NABOKV-L post 0026537, Sat, 17 Oct 2015 15:52:51 +0300

Hurricane Lolita & Hazel Shade in Pale Fire
In Canto Three of his poem Shade mentions Hurricane Lolita that swept from
Florida to Maine:

It was a year of Tempests: Hurricane
Lolita swept from Florida to Maine. (ll. 679-680)

Shade calls 1958 (the year of Lolita's first publication in America) "a year
of Tempests." In March of the previous year Shade's daughter Hazel (whose
name brings to mind Lolita's surname) committed suicide. In Canto Two of his
poem Shade, describing the fatal evening, mentions the same states:

A male hand traced from Florida to Maine
The curving arrows of Aeolian wars. (ll. 408-409)

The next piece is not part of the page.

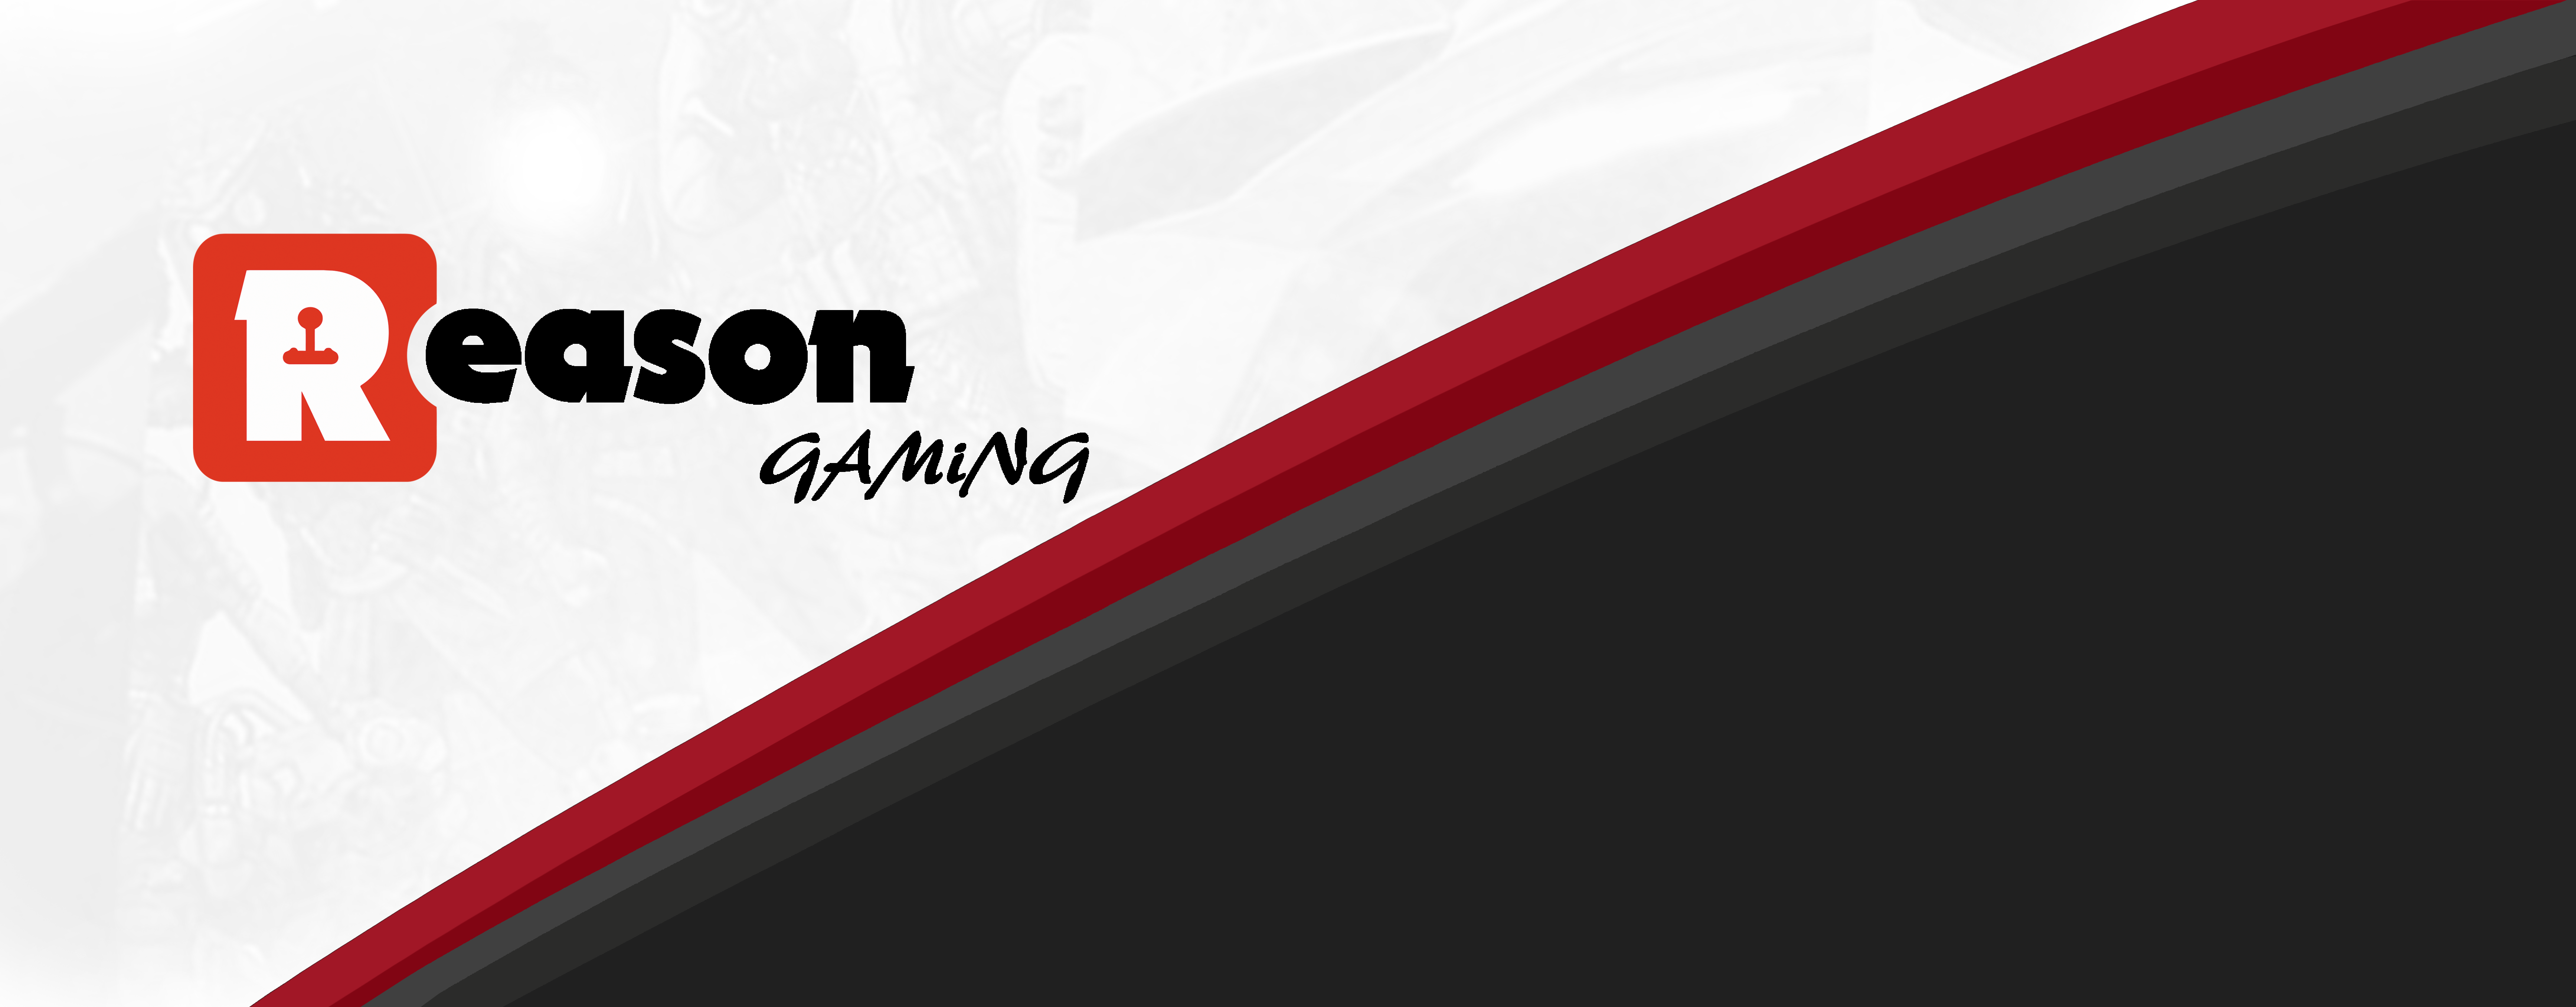 The new faces of Reason Gaming
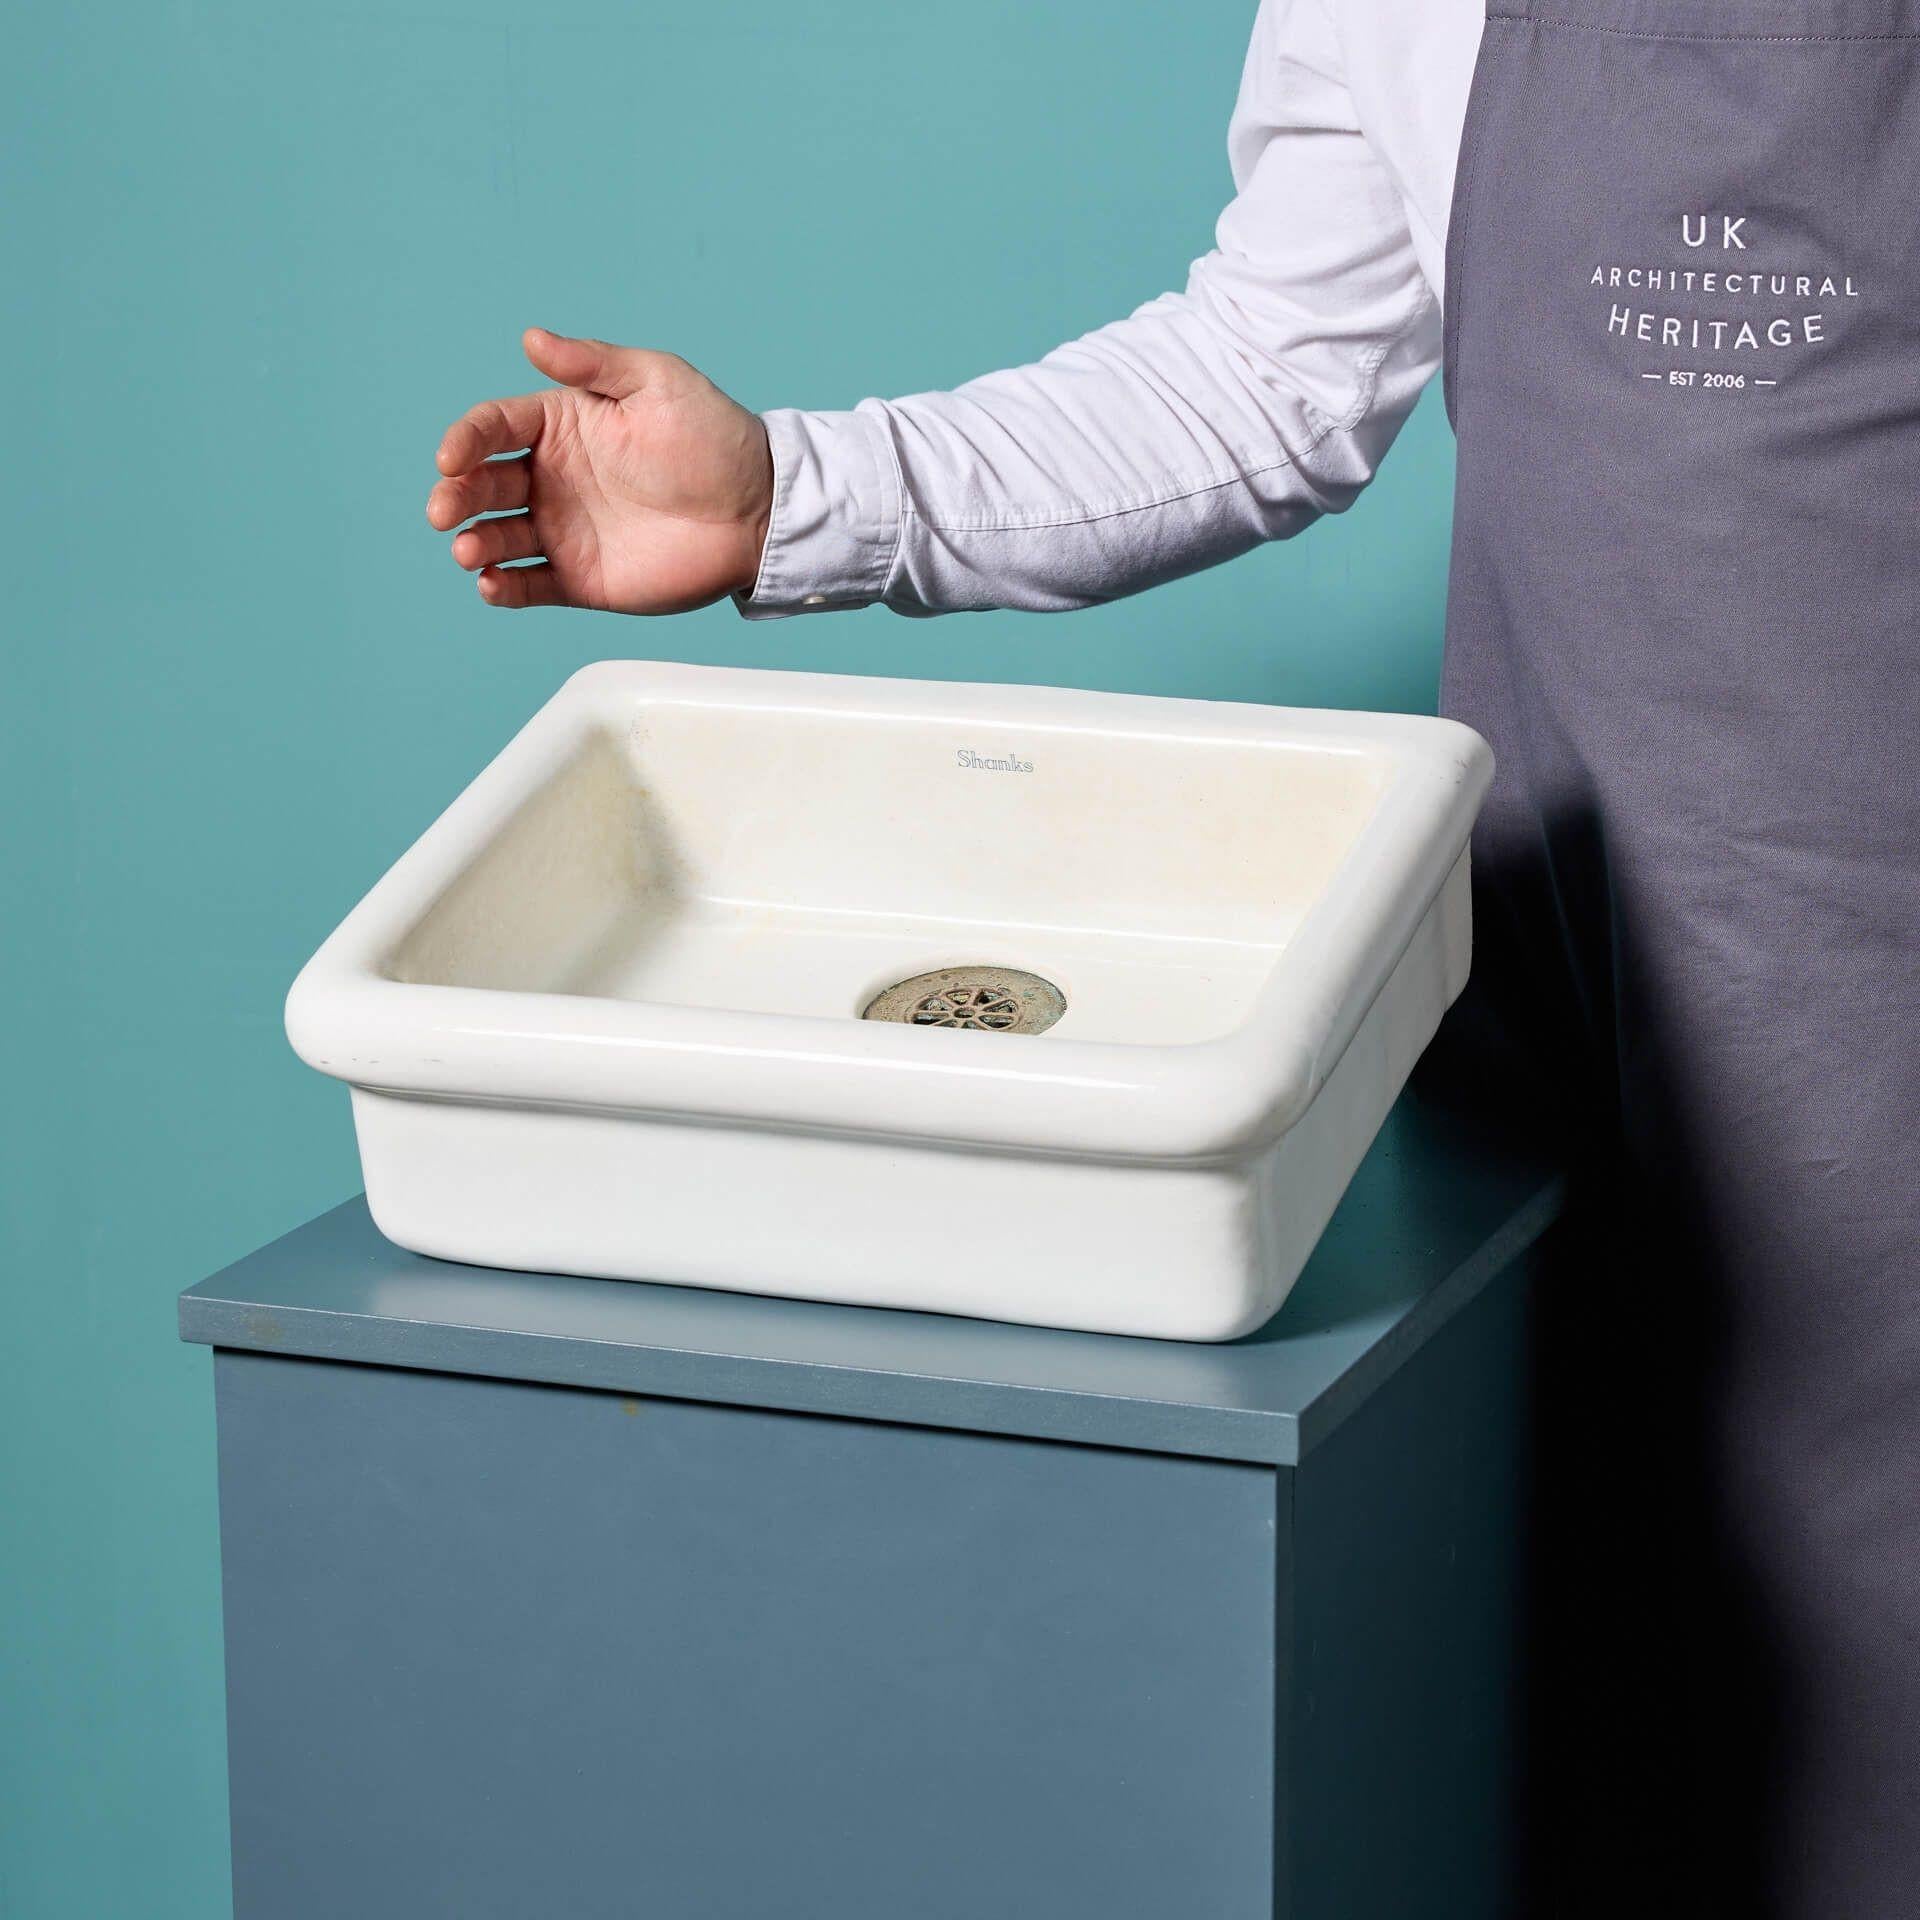 A reclaimed petite Shanks Belfast basin dating to circa 1920. With a wonderfully shaped rim, this unusually sized sink could be flush mounted into a counter top or supported on brackets. Its desirable shallow basin is suitable for period and modern

Dolores Haze (in VN's novel, Lo's full name) is the daughter of Charlotte
Haze. The first name of Lolita's mother seems to hint at the young woman
with whom the hero of Goethe's Die Leiden des jungen Werther (1774) is in
love. Lolita's married name, Mrs. Richard F. Schiller, seems to hint at
Goethe's friend and colleague Friedrich Schiller. Lolita's mother dies soon
after she married Humbert Humbert (the novel's main character and narrator).
In Aschenputtel (Brothers Grimm's German version of the fairy tale about
Cinderella) the heroine asks her father (who had lost his first wife and
just married a woman with two daughters of her own) to bring her from the
city the first branch which knocks against his hat on his way home.
Cinderella's father gives her the branch from the hazel-bush. The girl
plants the branch on her mother's grave where it grows and becomes a
handsome tree. A little white bird comes to the tree and fulfils every wish
expressed by Cinderella. Birds always help Cinderella and, when she marries
the Prince, the pigeons peck out the eyes of her wicked and envious

In a variant of Lines 417-421 quoted by Kinbote in his Commentary Shade
quotes the lines from Pope's Essay on Man in which the blind beggar and
lunatic a king are mentioned:

I fled upstairs at the first quawk of jazz
And read a galley proof: 'Such verses as
"See the blind beggar dance, the cripple sing,
The sot a hero, lunatic a king"
Smack of a heartless age.' Then came your call

This is, of course, from Pope's Essay on Man. One knows not what to wonder
at more: Pope's not finding a monosyllable to replace "hero" (for example,
"man") so as to accommodate the definite article before the next word, or
Shade's replacing an admirable passage by the much flabbier final text. Or
was he afraid of offending an authentic king? In pondering the near past I
have never been able to ascertain retrospectively if he really had "guessed
my secret," as he once observed (see note to line 991
<> ).

Kinbote's secret is easy to guess. To realize that Shade, Kinbote and Gradus
exist only insofar as they represent three different aspects of V. Botkin,
the American scholar of Russian descent, is much more difficult. Poor Botkin
must have lost his mind after his daughter's death. But what is Hazel's
"real" name?

As I pointed out before, in VN's story Solus Rex (1940), PF's Russian
predecessor, hazel is an alcoholic beverage:

Exhausted by lengthy tension, harrowed by having been forced to wallow in
another's filth, and involuntarily staggered by the prosecutor's blast, the
luckless scholar [Dr. Onze] lost his nerve and, after a few incoherent
mumblings, suddenly started, in a new, hysterically clear voice, to tell how
one night in his youth, having drunk his first glass of hazel brandy, he
accepted to go with a classmate to a brothel, and how he didn't get there
only because he fainted in the street.

This, of course, reminds one of Chekhov's story Pripadok (The Nervous
Breakdown, 1888) written to honor the memory of Vsevolod Garshin, the writer
who committed suicide by jumping over the banisters. Because Garshin is the
author of Nadezhda Nikolaevna (1885), one is tempted to assume that Hazel's
real name is Nadezhda (which means "hope").